挑発的な視線をよこす女に悔しさを覚えたが、男は断ることも突っぱねることもできず羞恥から顔をそむけただけだった。

そこからのことはよく覚えていない。
肉の薄い女の腰を掴み、力任せに己の気持ちよさだけを追求するセックスをしたことだけは覚えている。

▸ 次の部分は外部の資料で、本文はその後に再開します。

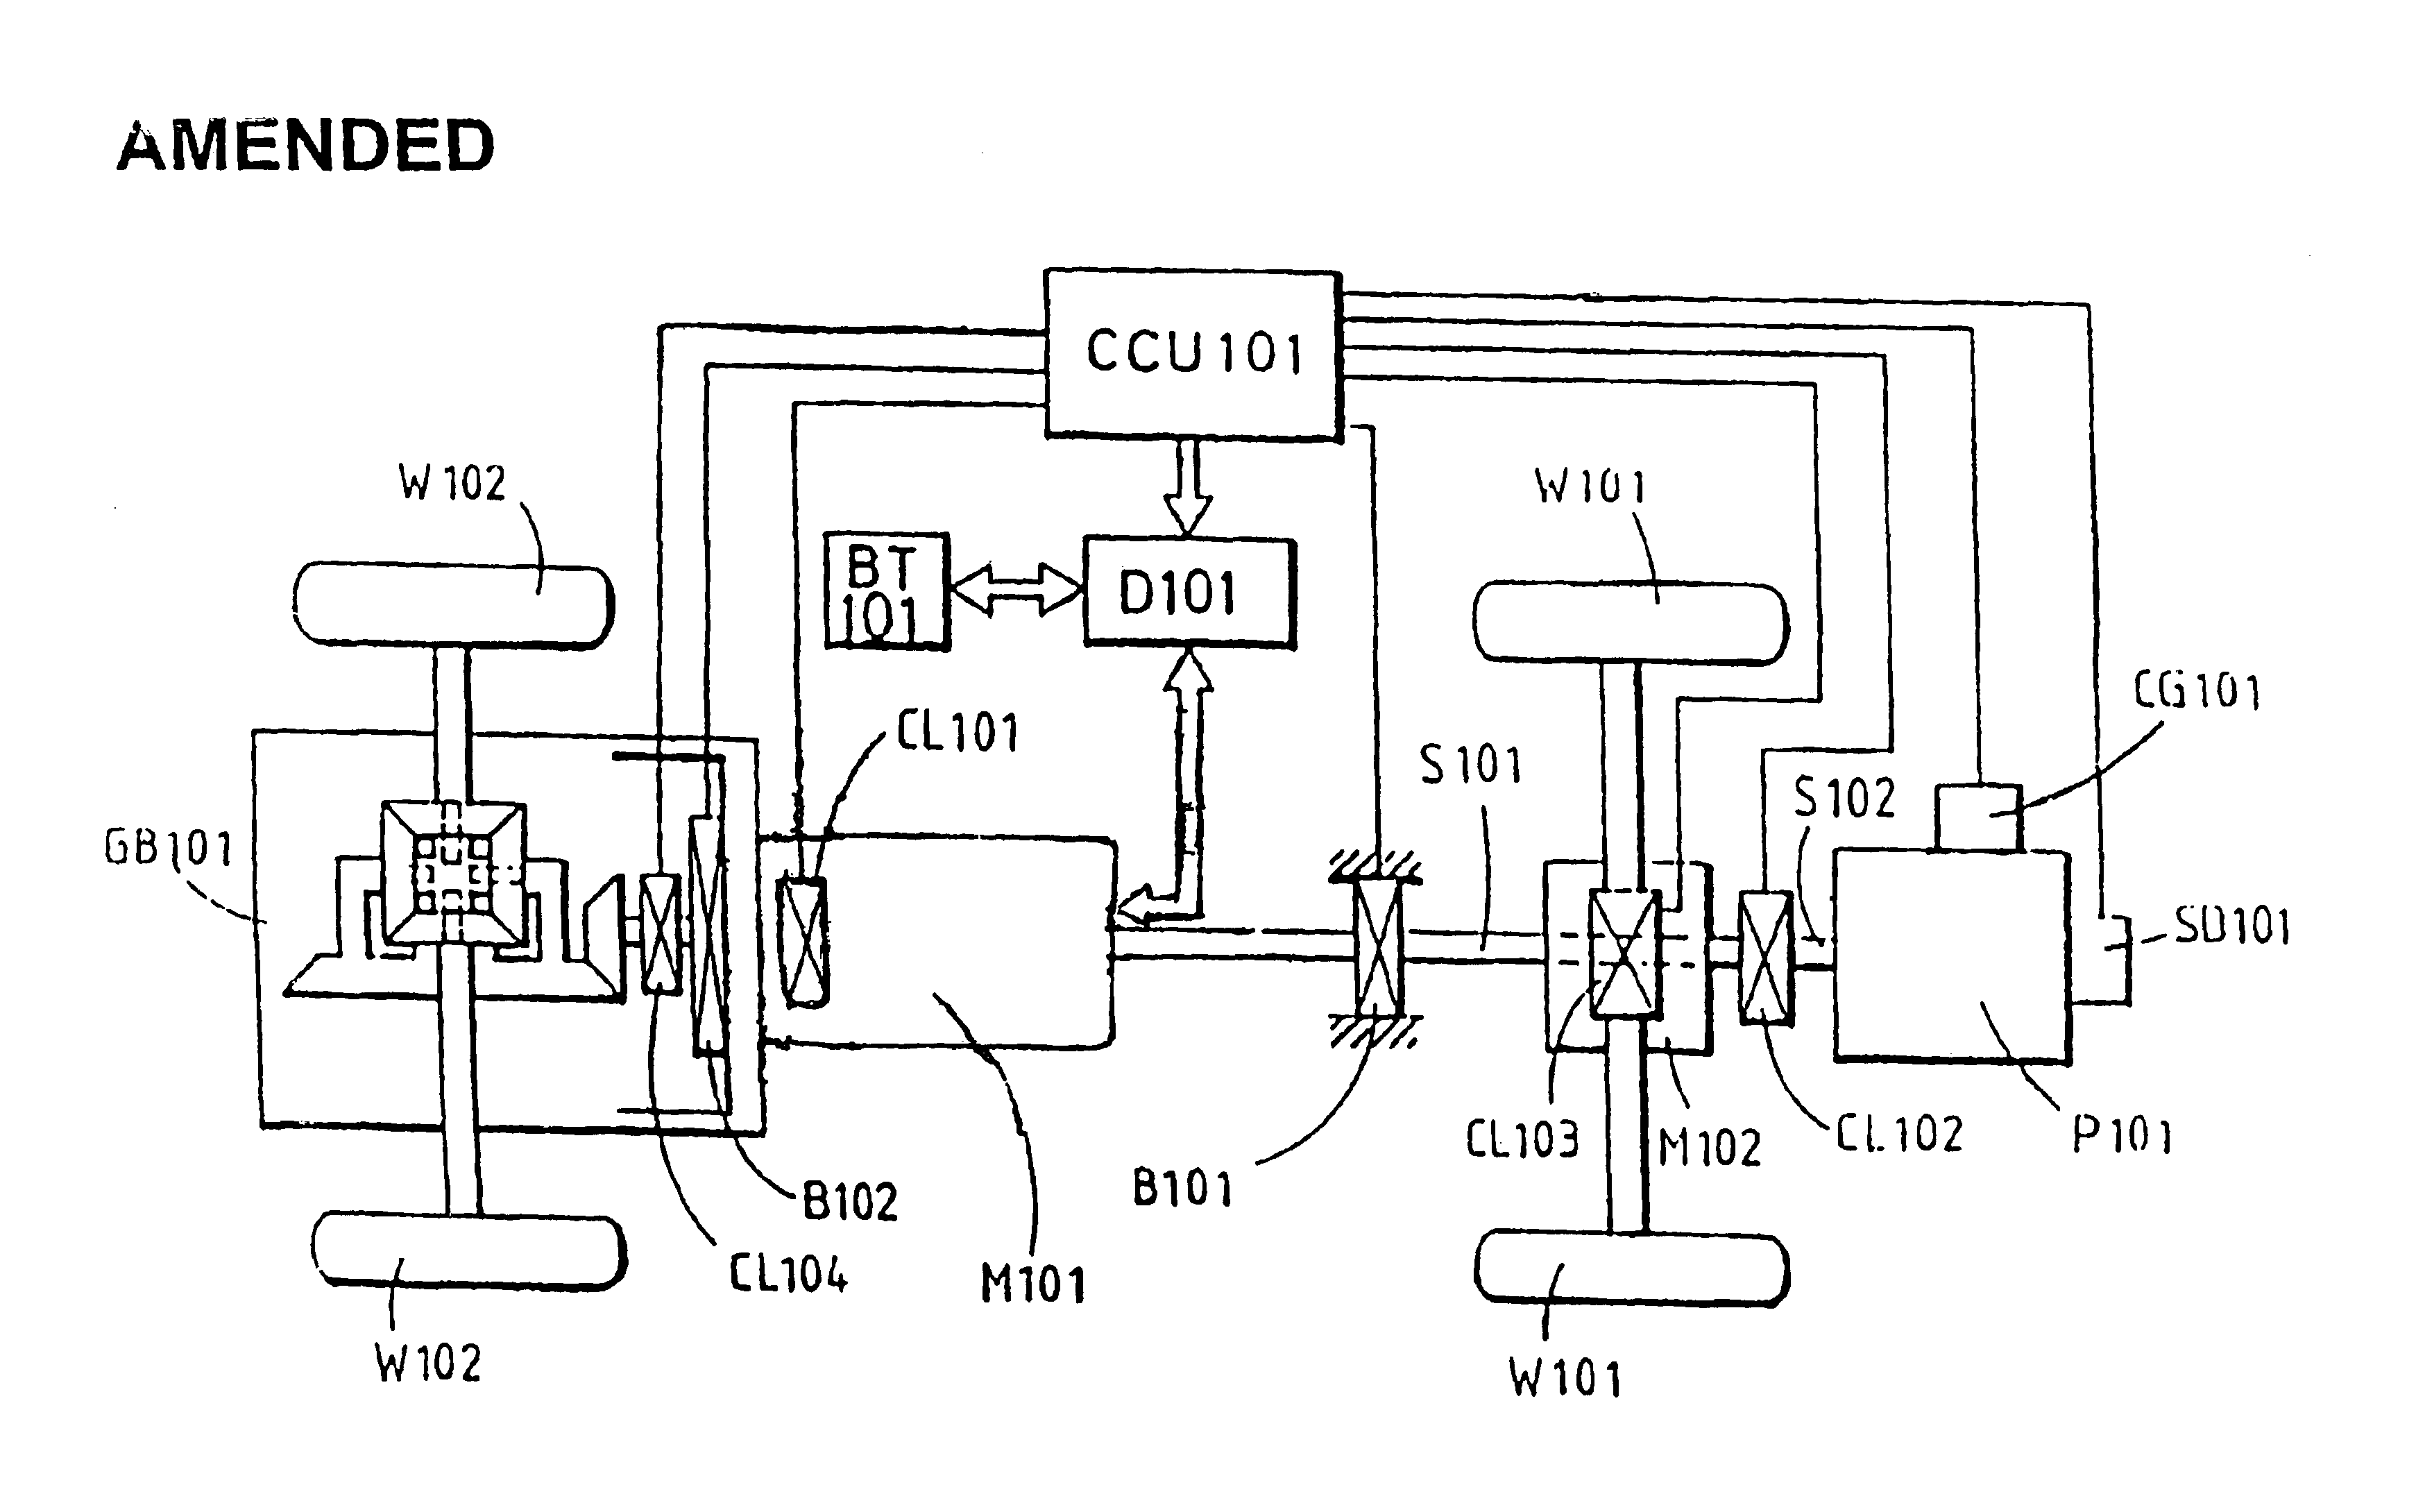 Distributed differential coupling combined power system

そして目を覚ますとそこは男の古びたアパートの一室だった。
スーツのワイシャツと下着をまとったのみ、だらしない格好で寝ていた。

あれ、昨日のことは夢だったかなと男は考えた。
あまりに都合が良すぎる出来事だと流そうとした途端、目に入るワイシャツの赤いシミ。
そこで蘇る記憶。
こちらの了承もなしに己を弄ばれた記憶を。
スラックスとパンツを膝まで降ろされ、女の艶のある黒髪が腰の前にある。
こちらに視線をよこしながらワイシャツに真紅の唇を落とし、すでに充血しきったものを口に含まれる。

そこで男はまたもや腰が熱くなるのを感じた。
下着を押し上げる、たちあがった己にかあっと顔が熱くなる。

少しばかりの恥ずかしさを感じながら己を慰める。昨夜の女の痴態を思い出しながら己に触れると、あっという間に達しでしまった。

手のひらの上に広がる白濁とした液体に形容し難い周知を感じ、いそいそと手をあらうべく洗面所に向かった。


数日後の週が開けた月曜日、男は会社の同僚が楽しそうに笑っているのに出くわした。

「おい、お前も聞いてくれよ」

大して仲良くもない同僚からの呼びかけにムッとしつつも男は混ざった。

「昨日さァ、噂の女に引っ掛けられたんだけどさ」

その言葉に男は数日前に耳にした噂を思いだした。

「その女、具合はいいしべっぴんなんだけどシャツにキスマークおとされてさあ。嫁に見つかってもう大変よ。」

同寮の自虐まがいの話も半分も入ってこない。
男は気づいたのだ。先日の女が噂の女だと。

その日の退勤後、その路地でもう一度女に会うべくあの点滅する街灯の下に男はいた。

文句を言いに。他の男ともやってるのか。そいつからは金をとったのか。
問い詰めたいことはたくさんある。
しかしいくら待てど女は現れない。
あの真っ赤なルージュが脳裏をよぎるばかりで、女は一向に現れない。

あるのはあの、点滅をくり返す街灯とそこに群がる虫だけ。